*** Opening Data segment ***

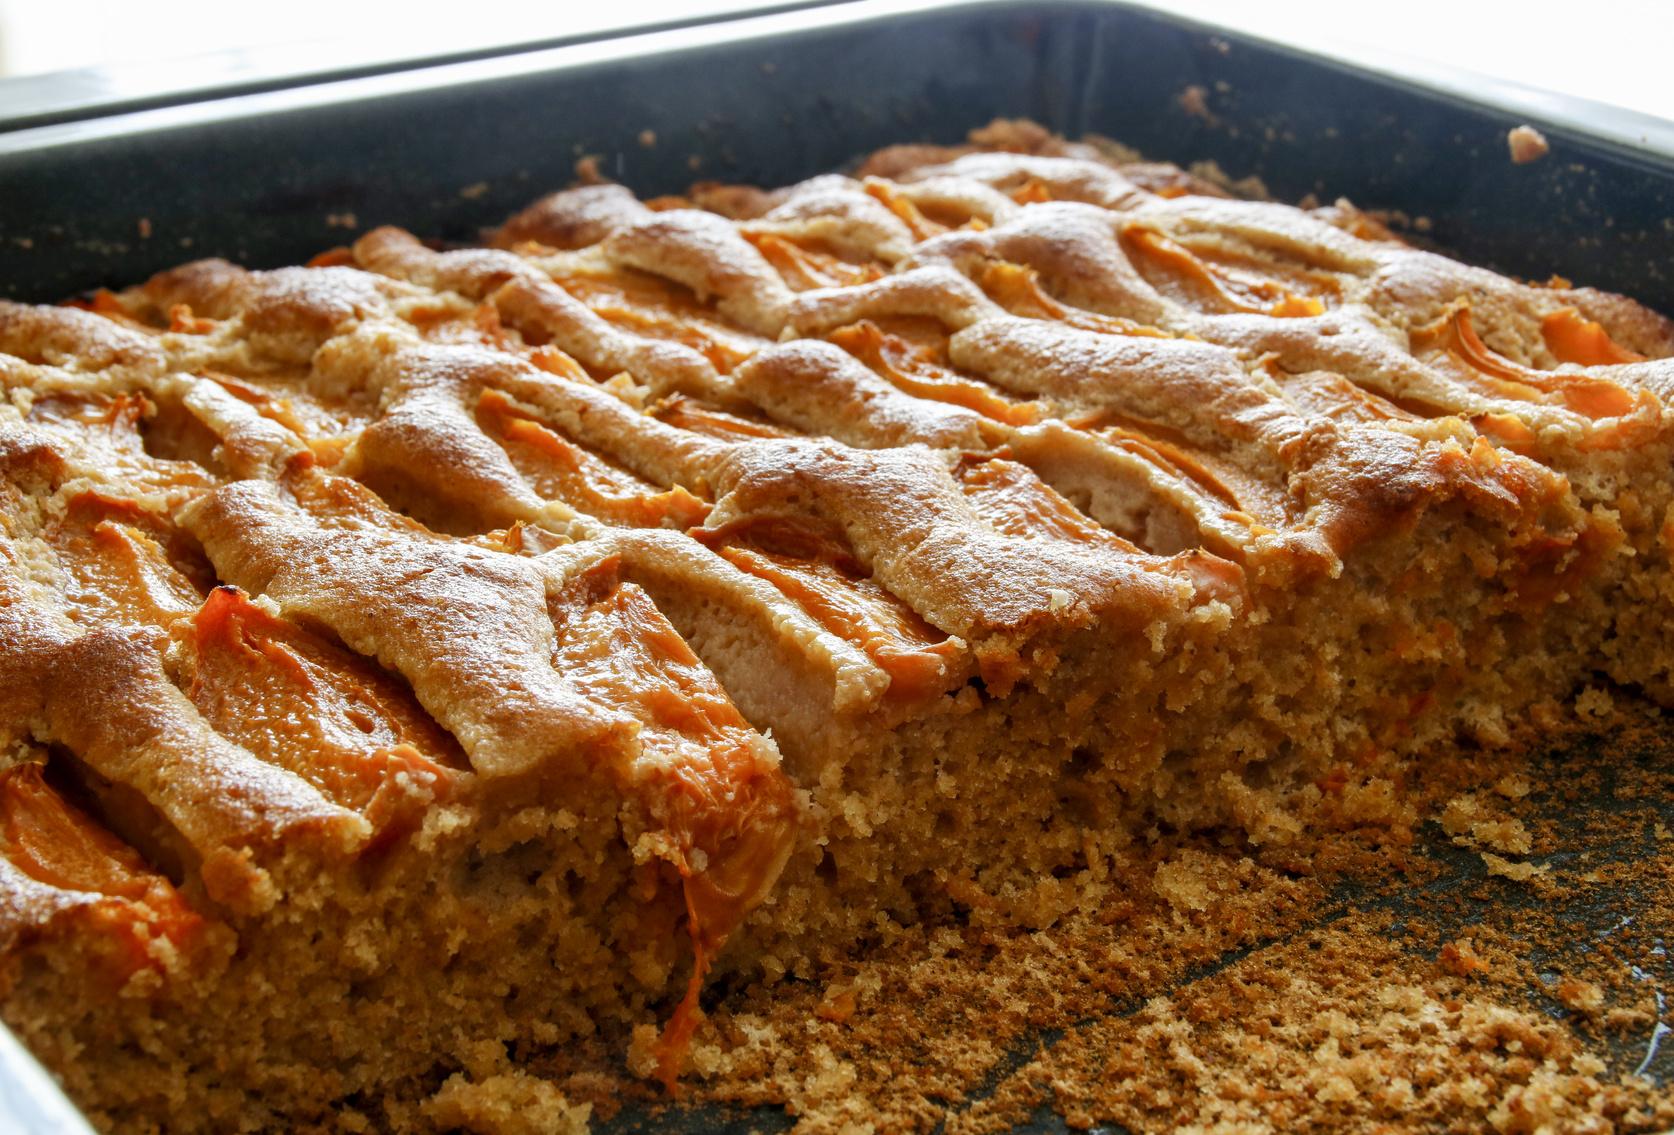 Marillen-Haselnuss-Kuchen / herrlich erfrischend und saftig / Rauchmühle / Rauchmehl
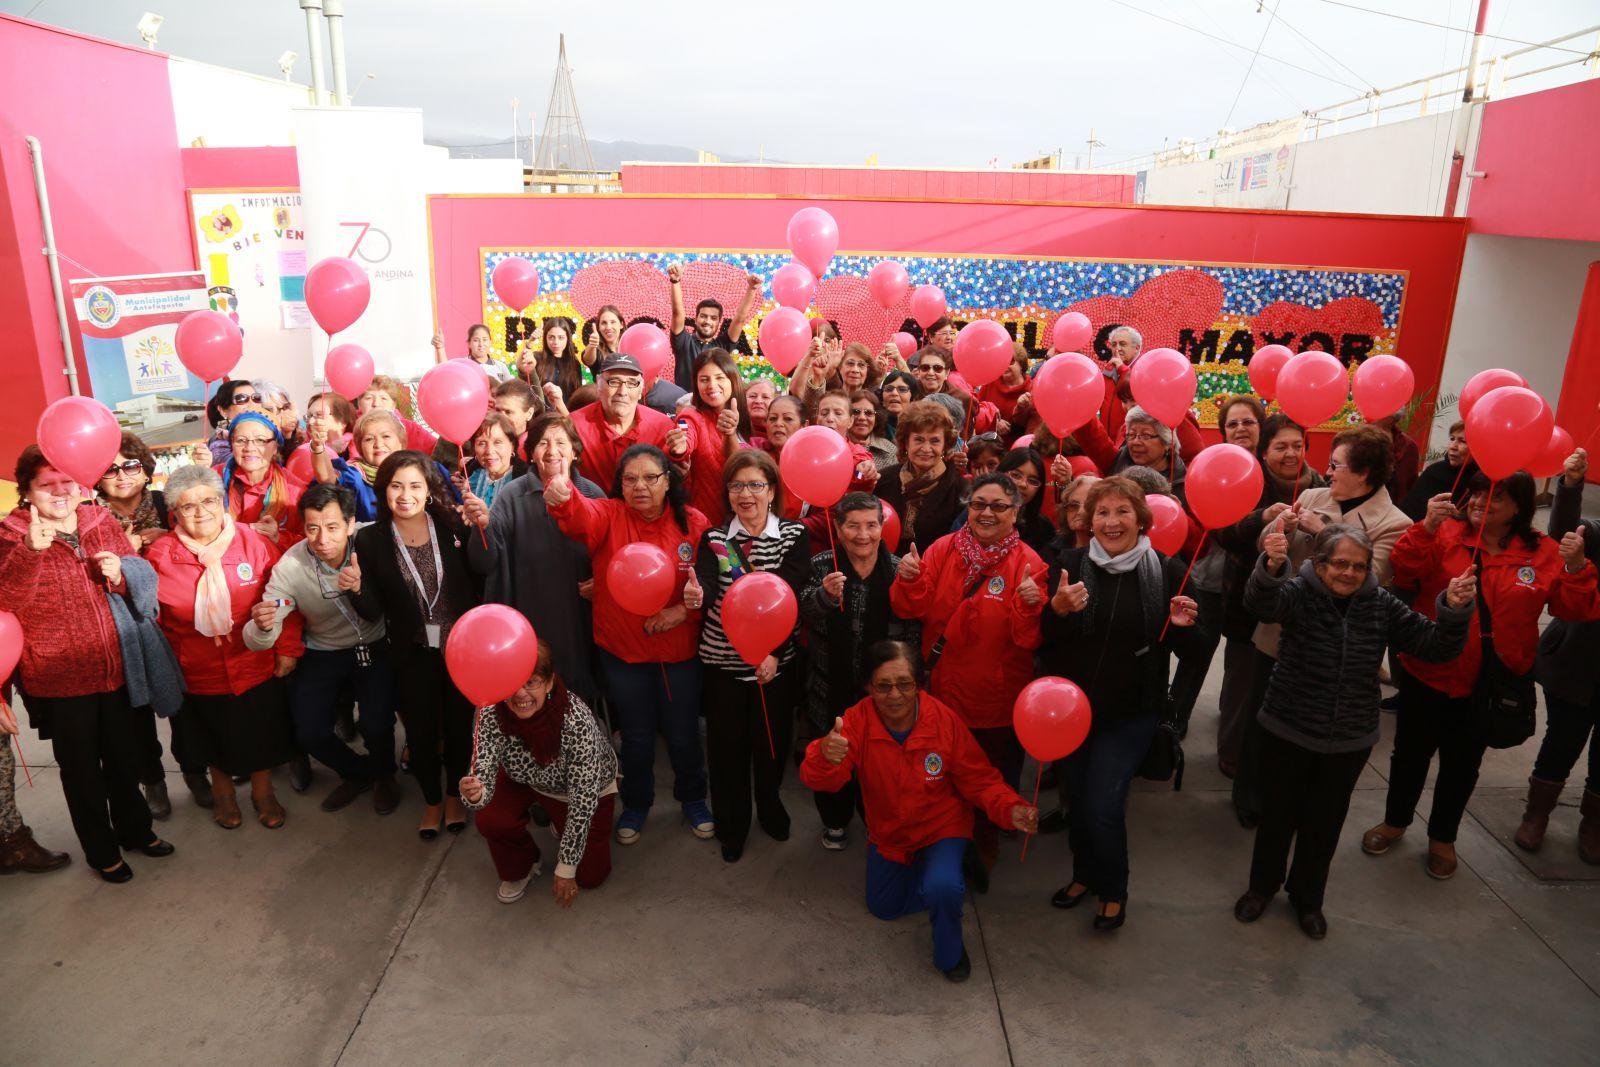 inauguran-mural-de-9-metros-hechos-con-tapas-de-bebida-en-antofagasta
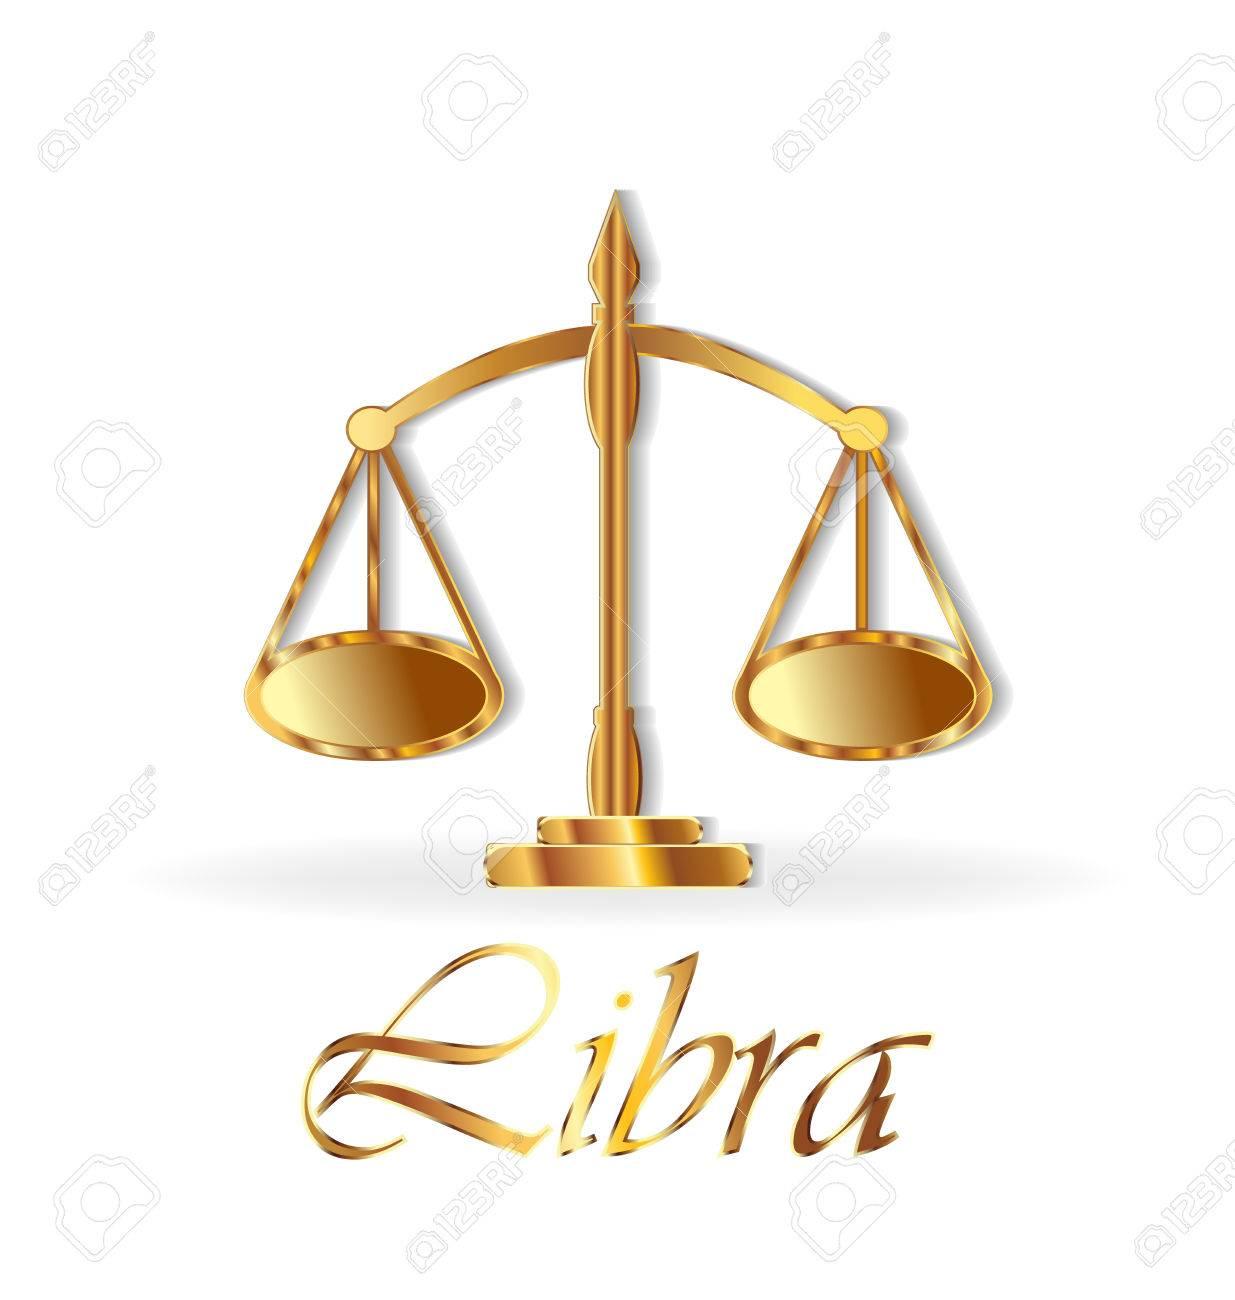 libra horoscope pictures
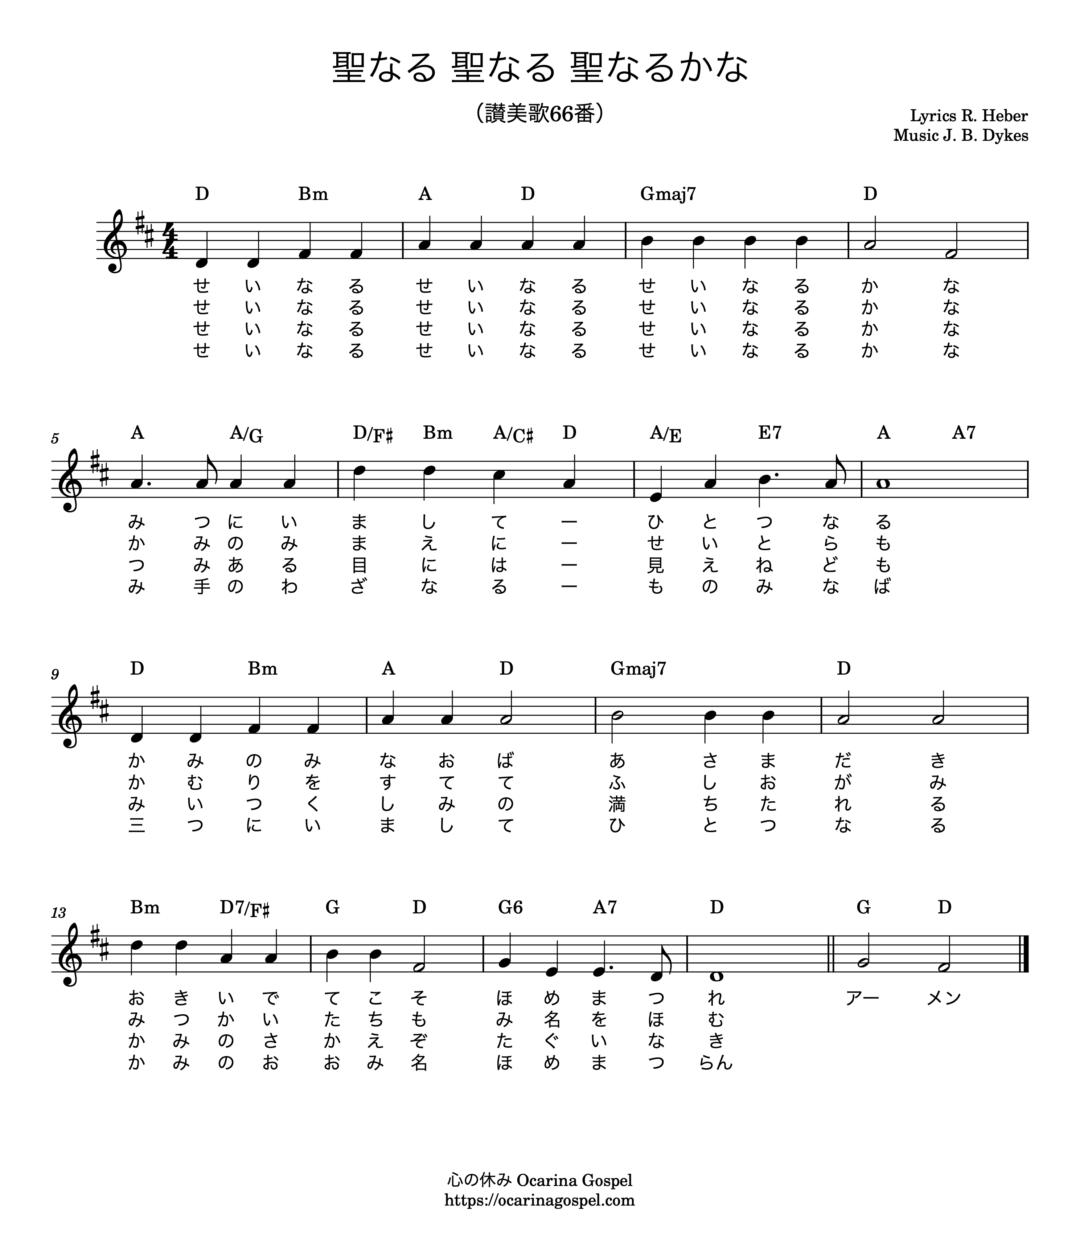 聖なる聖なる聖なるかな 楽譜

*** Closing Data segment ***

→ Task statement: With images omitted, output the data exactly as given.

→ Answer to the problem:
 Marillen-Haselnuss-Kuchen / herrlich erfrischend und saftig / Rauchmühle / Rauchmehl
 inauguran-mural-de-9-metros-hechos-con-tapas-de-bebida-en-antofagasta
 libra horoscope pictures
 聖なる聖なる聖なるかな 楽譜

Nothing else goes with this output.